2)It was also held that definition of Mandap Keeper nowhere covers the temporary occupation of hotel rooms for the purpose of boarding and temporary residence. Since bills of room rent, food and beverages were raised separately, they could not be held to be a part of value of convention service.

3)Thus, the case decided (Supra) on issue of Mandap Keeper’s Service was equally applicable to convention service. Hence, if bills were raised separately against room rent and food supply charges then they could not be included in value of convention service. - CHOKHIDHANI RESORTS (P.) LTD. V. CCE [2014] 46 taxmann.com 20 (New Delhi – CESTAT)

Saturday, June 28, 2014

No disallowance of lawful exp. merely due to non-compliance with provisions of Companies Act


If the expenditure was otherwise lawful and neither amounted to offence nor any law prohibited it, but the procedural provisions attached to it were not complied with, no doubt irregularity would creep in, but such irregularity would not make the expenditure itself as unlawful under section 37(1).

Facts:


a)The Assessing Officer (‘AO’) noticed that the assessee had made payment of job work charges to a related party without obtaining prior approval of the Central Government in accordance with the provisions of section 297 of the Companies Act, 1956.

b)He, accordingly, made additions on the ground that Explanation to Section 37(1) was triggered as on the day of payment of such expenditure there was no prior approval of Central government.

c)On appeal, the CIT(A) sustained the disallowance. The aggrieved-assessee filed the instant appeal.

The Tribunal held in favour of assessee as under:

1)The offence or prohibition referred to in the Explanation to section 37(1) had to be judged with reference to the 'purpose' of the expenditure on a standalone basis divorced from the fulfillment of procedural formalities attached with it and necessary for the incurring of such expenditure.

2)The Explanation to section 37(1) provided for disallowance of any expenditure incurred for 'any purpose’, which was either an offence or prohibited by law.
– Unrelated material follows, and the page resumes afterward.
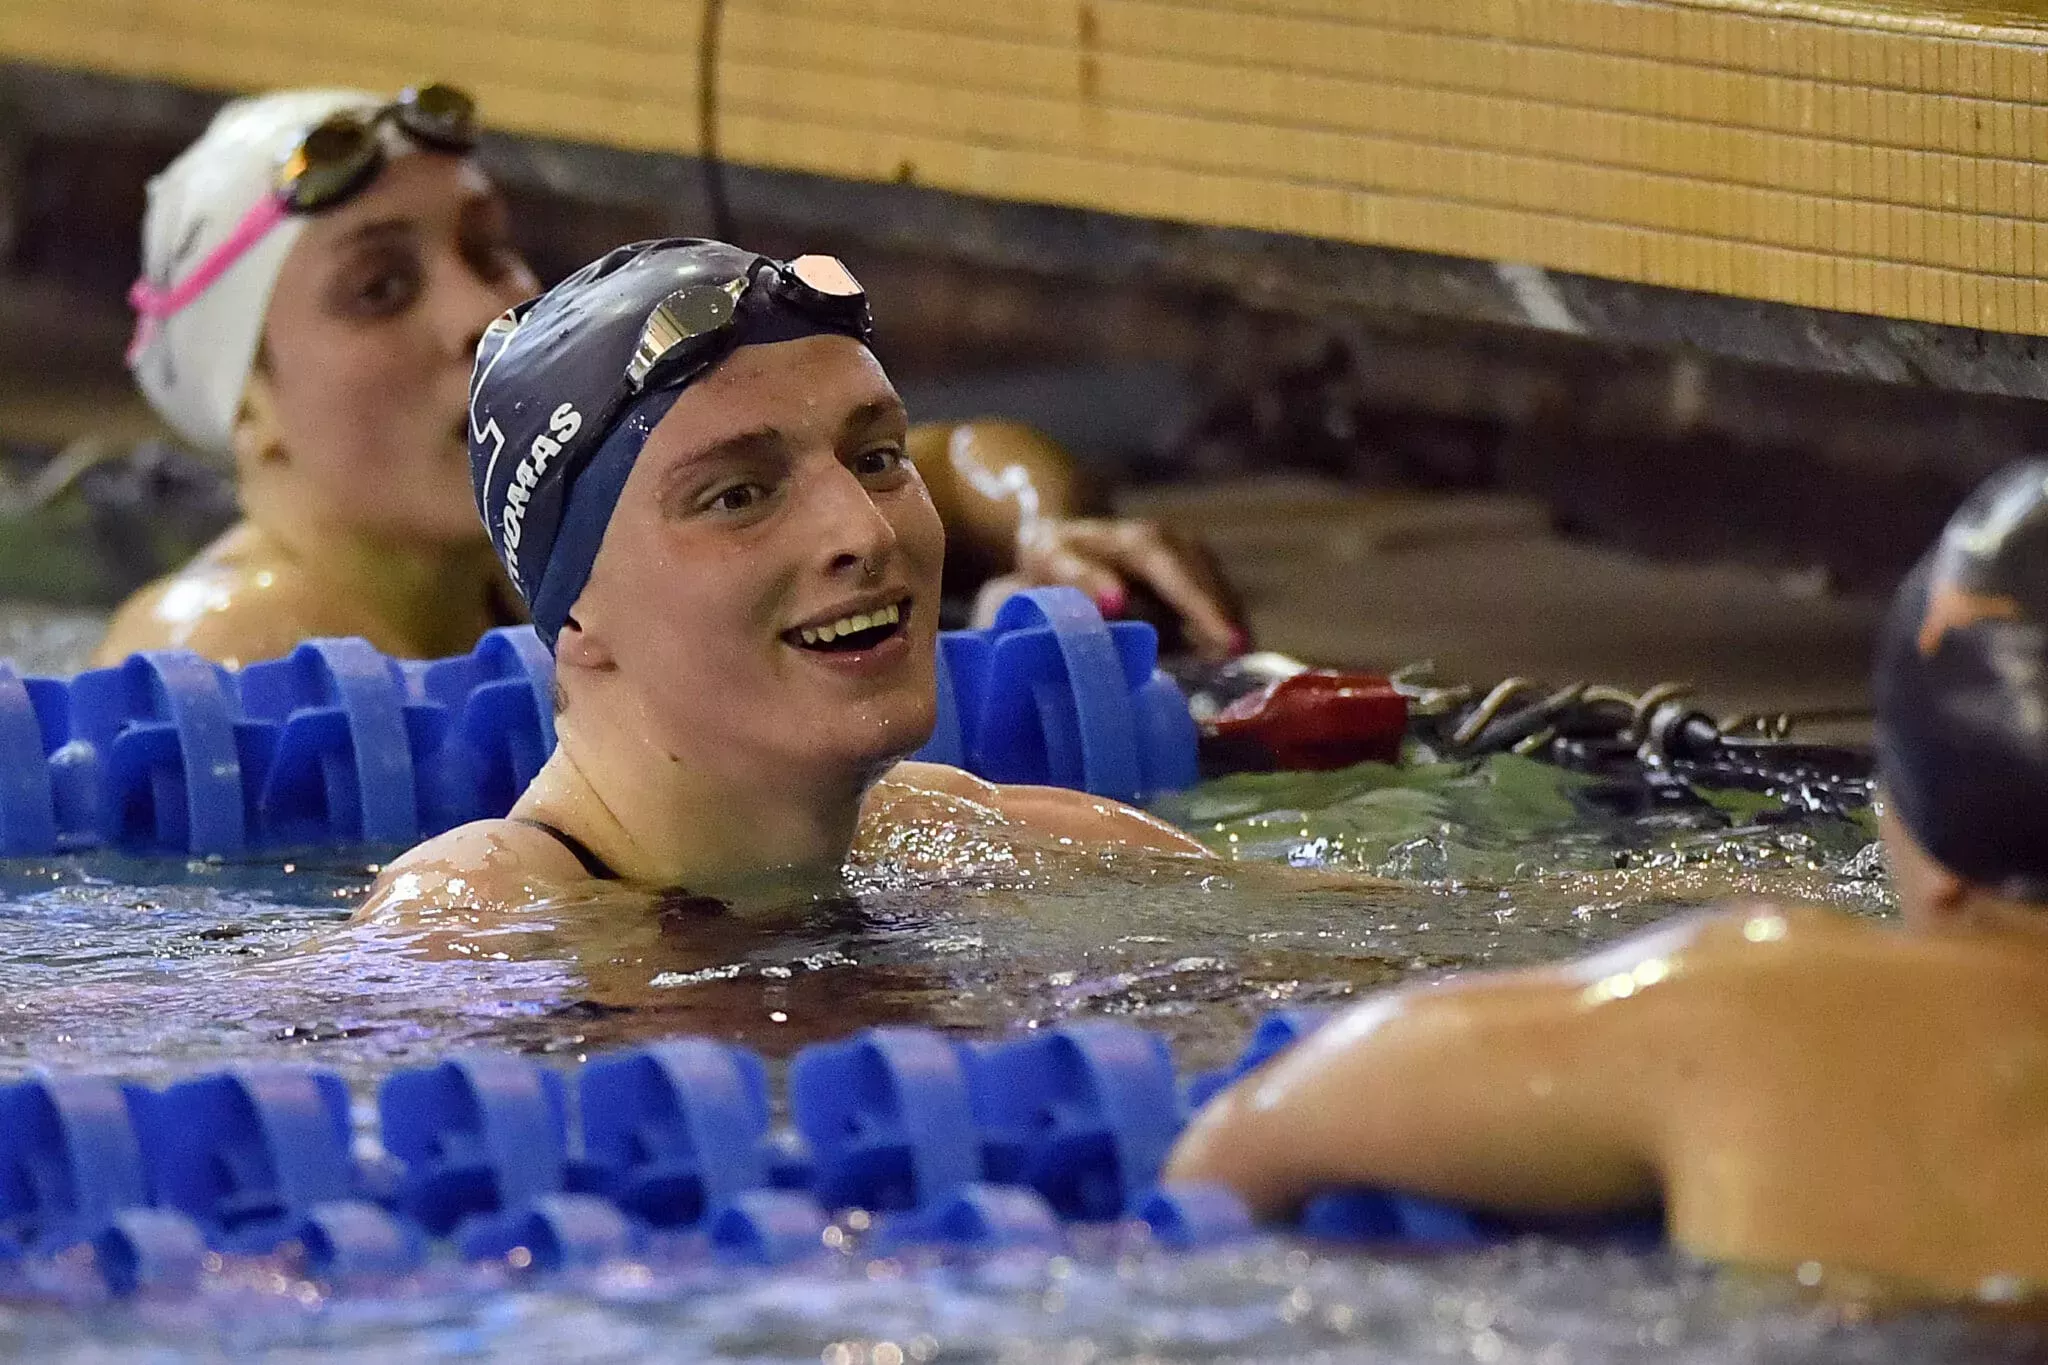 La nadadora trans que batió el récord, Lia Thomas, nominada a Mujer del Año de la NCAA

If, however, the purpose of the expenditure was neither to commit an offence nor any law prohibited it, then there could be no question of disallowance.

3)If the expenditure was otherwise lawful and neither amounted to offence nor any law prohibited it, but the procedural provisions attached to it were not complied with, no doubt irregularity would creep in, but such irregularity would not make the expenditure itself as unlawful so as to be brought within the scope of the Explanation to sec. 37(1). – JAI SURGICALS LTD. V. ACIT [2014] 46 taxmann.com 246 (Delhi - Trib.)